In fact, in 1845 the southern Baptists split from their Northern brethren than over the issue of missionaries who owned slaves, the right of Southerners to own slaves and still be held up as missionaries in good standing. That same year Frederick Douglass published his autobiography. At the end he has an appendix where he takes on his experiences with white Christianity. It is scathing and heartbreaking. He says, essentially, “my experience and the experience of other enslaved people has been this: the next worst thing after being a slave, was being the slave of a Christian Master, because they in fact treated us worse than non-Christians – precisely because they had a kind of moral and religious backing to their cruelty that serve to curb their own human impulses to empathy.” It’s just a remarkably damning statement.
So as described above recently, all of this neat, ordained by God, hierarchical ordering has started breaking down. It has been challenged by the civil rights movement, and the women’s rights movement, and the gay rights movement, and more broadly by the egalitarian mindset. It’s no joke that the sociological changes over the last fifty years basically blow up that hierarchical way of thinking. It is a breakdown not just here and there of this issue or that, but a complete change in how each of those issues fits into the bigger whole. We no longer have a divinely ordered society where everybody kind of knows their social role, everybody plays it, and where essentially white men are at the top of it. Our political conversation is no longer founded on a tacit, unexamined agreement on that basic hierarchy.
What we are seeing in politics right now is a collision between egalitarian and hierarchical mindsets.
So liberals ask conservatives how in the world does allowing two men to marry threaten your heterosexual marriage, but that was never really the point. The point was that in the hierarchical world view, there’s one kind of proper and appropriate marriage and it has a very distinct role for male people and a very distinct role for female people. You’re not threatening their marriage, you’re threatening a hierarchical ideal on the concept, their moral conception of marriage. And for the white christians inside that world, the only alternative to it feels like a kind of free-for-all chaos. From their perspective, the battle is between a world that makes sense, and a world that is full of chaos and panic.
Of course it’s all identity politics, it always has been. But a unified, homogeneous identity is a much more powerful form of identity than one composed of many identities in coalition. Ten years ago, the Republican party was 80% white and Christian, and Democrats were half white and Christian. Today, self-identified Republicans are about 7 in 10 white and Christian, so not much change. In contrast, Democrats are only three and ten white and Christian, and the rest is a mix of religious people, irreligious people, non-religious people, and they’ll keep drifting further that way. So if those trends continue, we’re increasingly getting this dynamic where we will essentially have a white Christian party and then the party of kind of everybody else. But as mentioned above, the Democrats have the demographic winds at their back, because those groups are growing while the white christian Republican base is shrinking. It’s an inherent and deep kind of polarization.
But the Republicans will have an easy time motivating their base to get out and vote, while activating voters is much more complex among Democrats. If the Democrats are going to see real power in the next twenty years, it’ll be by finding themes that don’t necessarily unite, but at least motivate a significant portion of their big, disorganized, disunited group.
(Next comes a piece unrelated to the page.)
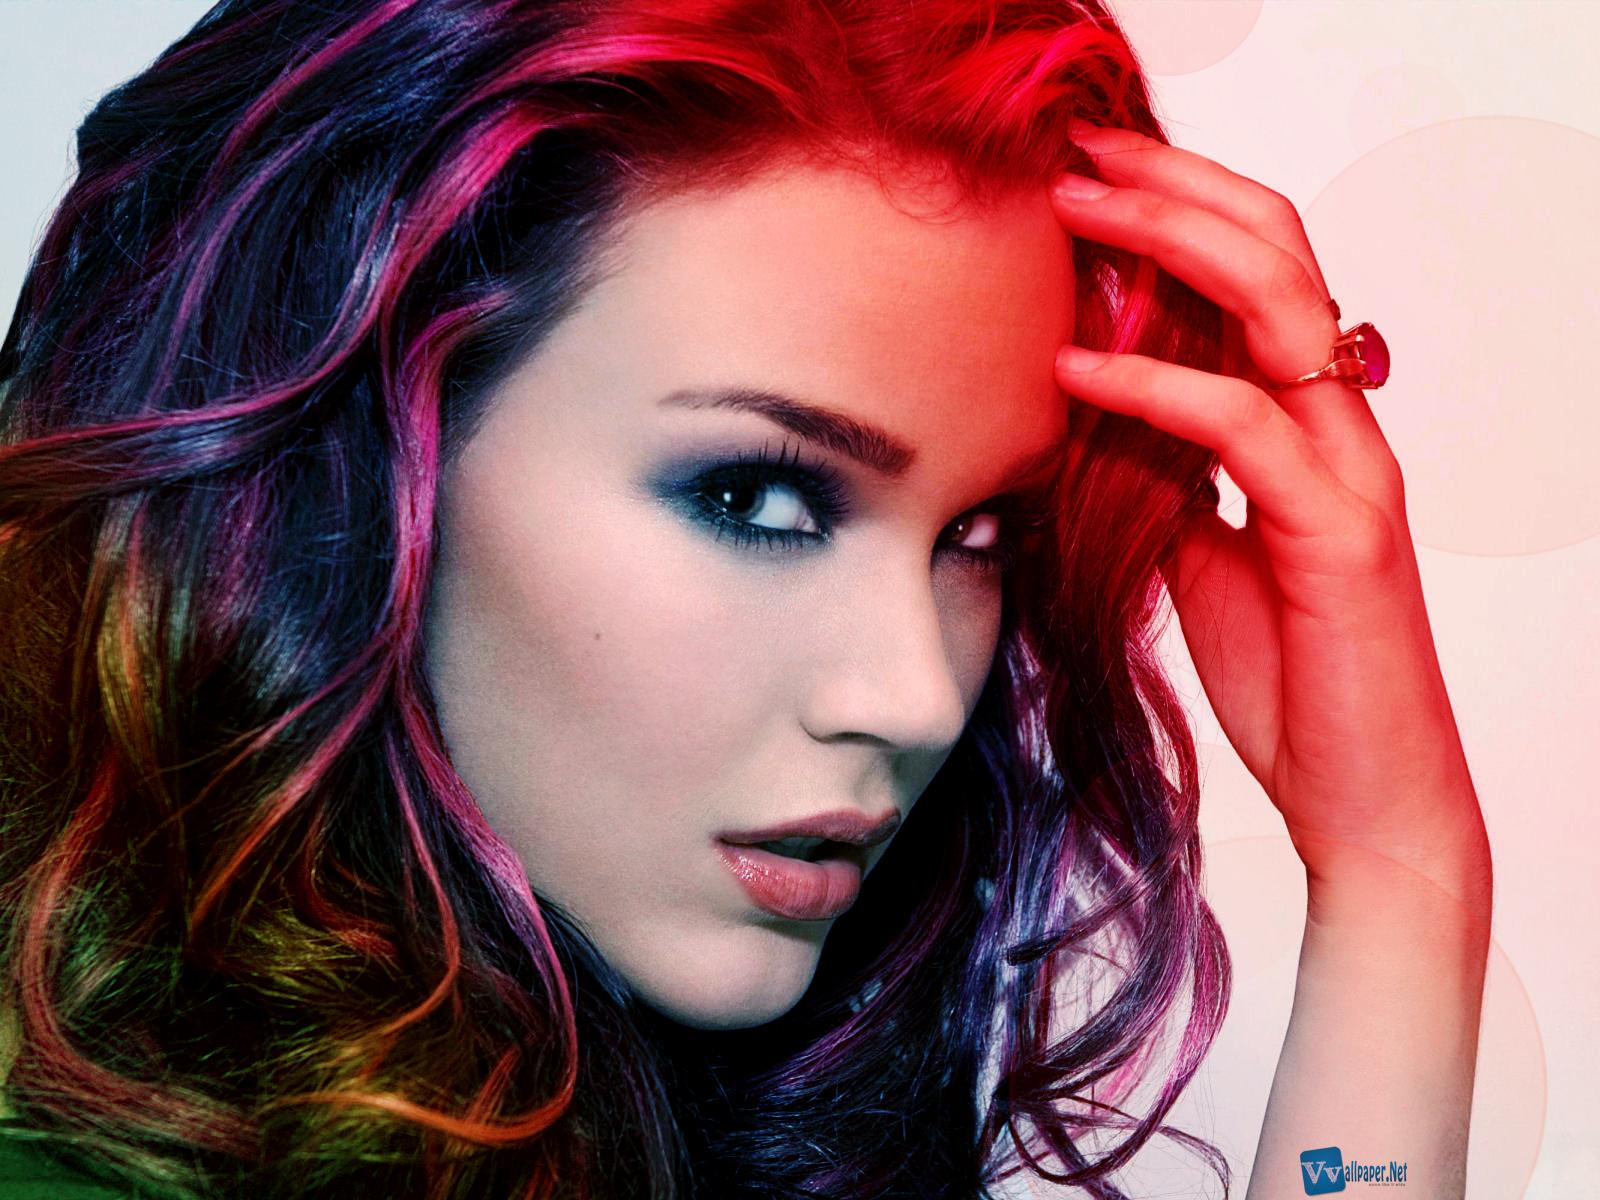 http://3.bp.blogspot.com/-63wVuPBpejk/UBQPoK05NoI/AAAAAAAADHI/sp4VvQ8KanI/s1600/Joss_Stone_Red_Hair_HD_Wallpaper-by-Vvallpaper.net.jpg

“We need someone to re-unify the country”
This is Don again, speaking for myself.
Have I mentioned that everything above is basically a transcription of the Ezra Klein interview? I probably should have. But the interview is better, and I really recommend listening to it.
For me, here’s how it all affects my thinking around the current election cycle.
In discussing what kind of leader the Democrats should look for, there are those who are looking for someone who can “reunify” the country. That really misses the point. “Reunification” tacitly yearns for those two brief decades of bipartisan cooperation, and Democrats are not going to be a dominant party like that in the foreseeable future, if ever. And implicit in “reunification” is the dream of unifying the country across the political spectrum, and if nothing else the observations in this interview make it clear that the Republican base is not interested in participating in an egalitarian, pluralistic country. They don’t want inclusion. Republicans yearn for a simpler, whiter, more Christian time, when the conversation was simple and left a lot of people out.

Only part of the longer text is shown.